Table 1. The Universal Plus Total RNA-Seq with NuQuant kit is compatible with FFPE and degraded RNA samples. FFPE samples with a DV200 value (percentage of RNA fragments greater than 200 bases) of 64 and 41 % were used to generate libraries (N=3). Even highly degraded FFPE samples generated high-quality libraries with good alignment and a high percentage of exons, providing a single solution for whole transcriptome RNA-Seq for any sample type.

Get the most information from your Illumina sequencing

Are you wasting money by doing 2x150 PE Illumina sequencing runs for libraries with short inserts?  Paired-end sequencing of libraries with short inserts results in redundant, overlapping sequencing of the library insert by the forward and reverse sequencing reads. For most RNA-Seq applications, overlapping sequencing reads do not provide additional information and are an inefficient use of sequencing space. The Universal Plus Total RNA-Seq with NuQuant protocol is optimized to generate libraries with larger insert sizes, enabling you to get more unique information from the library.

 

Figure 2. Universal Plus Total RNA-Seq with NuQuant produces high-quality data. A) The number of RefSeq genes detected with an FPKM > 1 is similar for the Universal Plus Total RNA-Seq with NuQuant kit, KAPA™ Stranded RNA-Seq Kit with RiboErase (Roche) and NEBNext® Ultra II Directional RNA Library Prep Kit for Illumina® (NEB), allowing comparisons between data sets. B) Average library insert size, calculated based on the sequencing data. The Universal Plus Total RNA-Seq protocol had the largest average insert size compared to the Roche and NEB kits (300 base insert size modified protocol used), allowing more efficient use of sequencing resources. C) Diagram showing the impact of insert size on 150 base paired-end sequencing. The larger insert sizes generated with the Universal Plus Total RNA-Seq kit reduces the amount of overlapping, redundant sequencing, yielding more unique sequencing data from pair-ended sequencing runs.

Don't settle for high rRNA reads

Are you working with human or mouse total RNA samples? We have you covered! Working with non-model samples? We have you covered too! Universal Plus Total RNA-Seq with NuQuant comes integrated with AnyDeplete, a unique post-library preparation rRNA depletion method that is completely customizable. Choose from our existing custom designs or tailor AnyDeplete to eliminate rRNA or other unwanted transcripts from any organism.

Figure 3. Available custom AnyDeplete probes. Contact us for detailed target information.

Save time and money with NuQuant

After a day spent making libraries, the last thing you want to do is spend hours quantifying libraries.
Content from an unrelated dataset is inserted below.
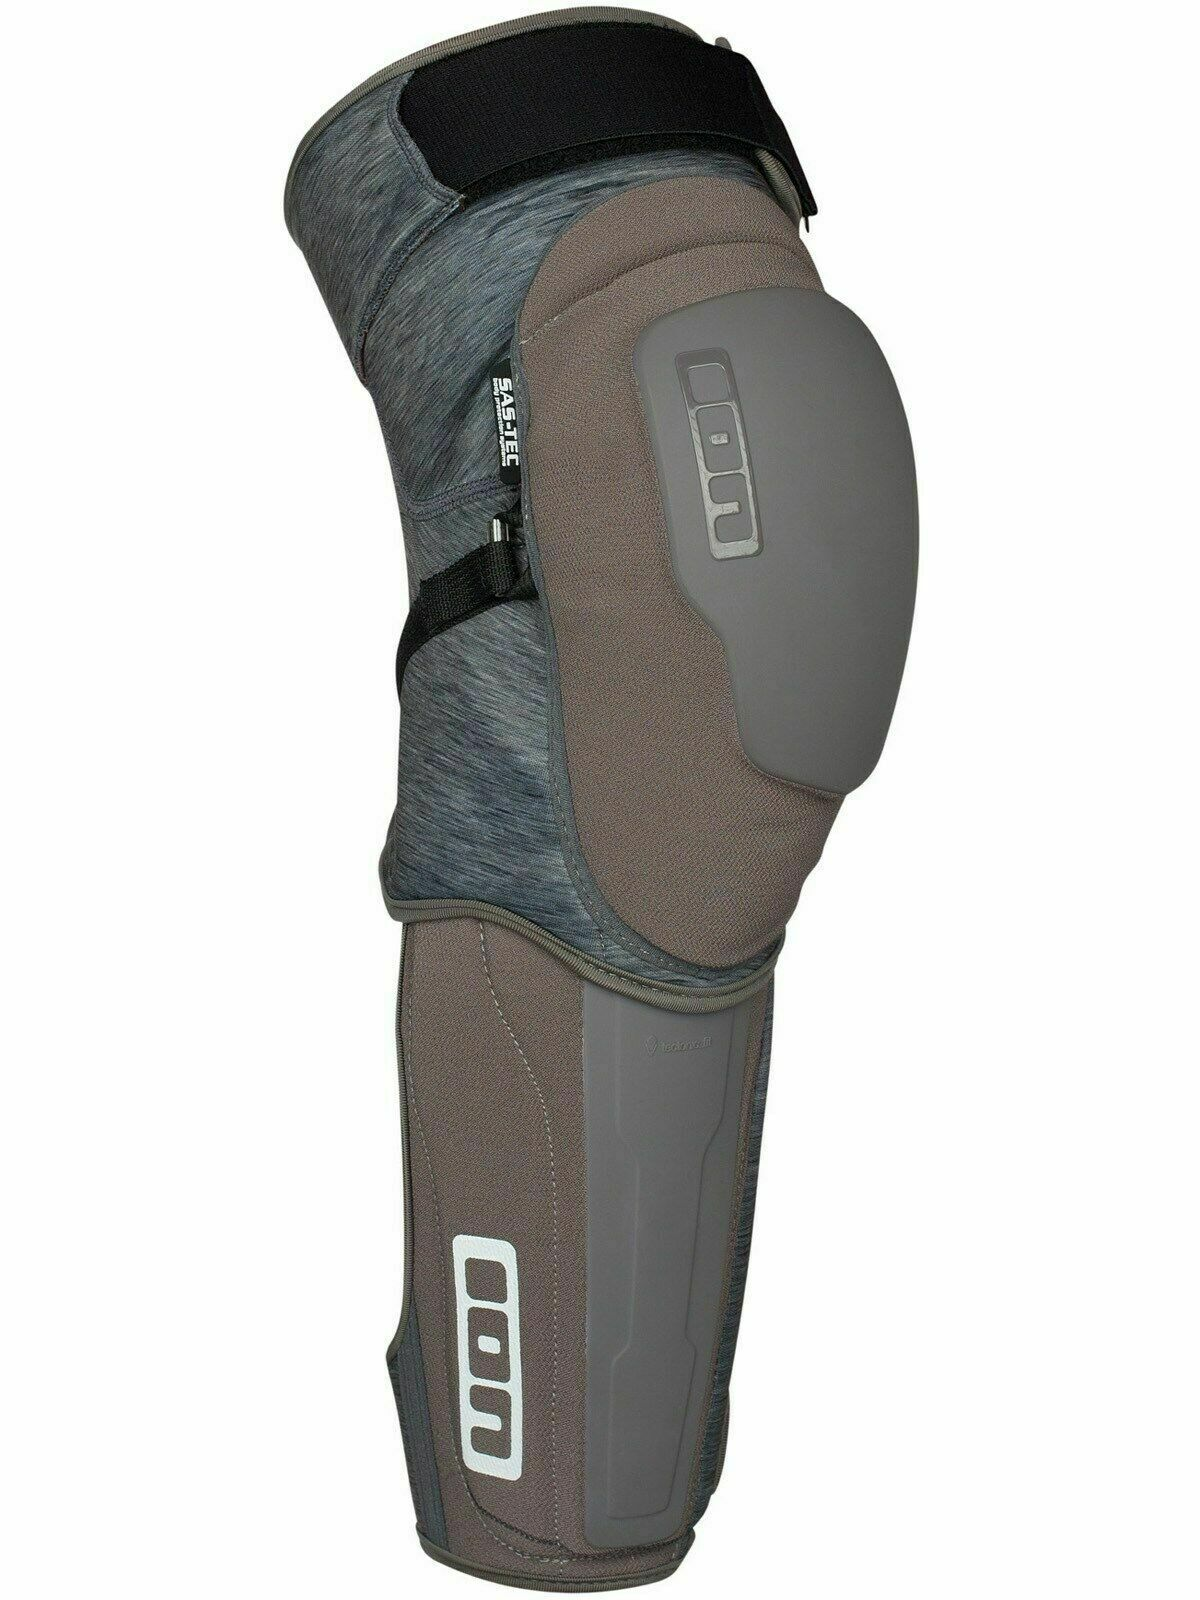 ION Knee Protection, K CAP EVO, grau Melange - XL

NuQuant is a simple fluorescence-based method for library quantification that is integrated into the Universal Plus Total RNA-Seq with NuQuant kit. NuQuant is compatible with either a Qubit™ or a fluorescence plate reader and provides a fast and accurate method to determine library molar concentration for simplified library pooling saving you time and money.

Figure 4. Unlike standard library QC workflows, NuQuant provides simple fluorescence-based determination of molar library concentration in minutes without additional costs. Library QC workflow times and costs are based on published list prices for Qubit dsDNA HS Assay Kit (Invitrogen), HS DNA Bioanalyzer Chip (Agilent) and KAPA qPCR Library Quantification Kit (Roche), and assume either 11 (Bioanalyzer), 100 (Invitrogen) or 30 libraries run per kit (qPCR, KAPA’s recommended 96-well protocol).

For Research Use Only. Not for use in diagnostic procedures.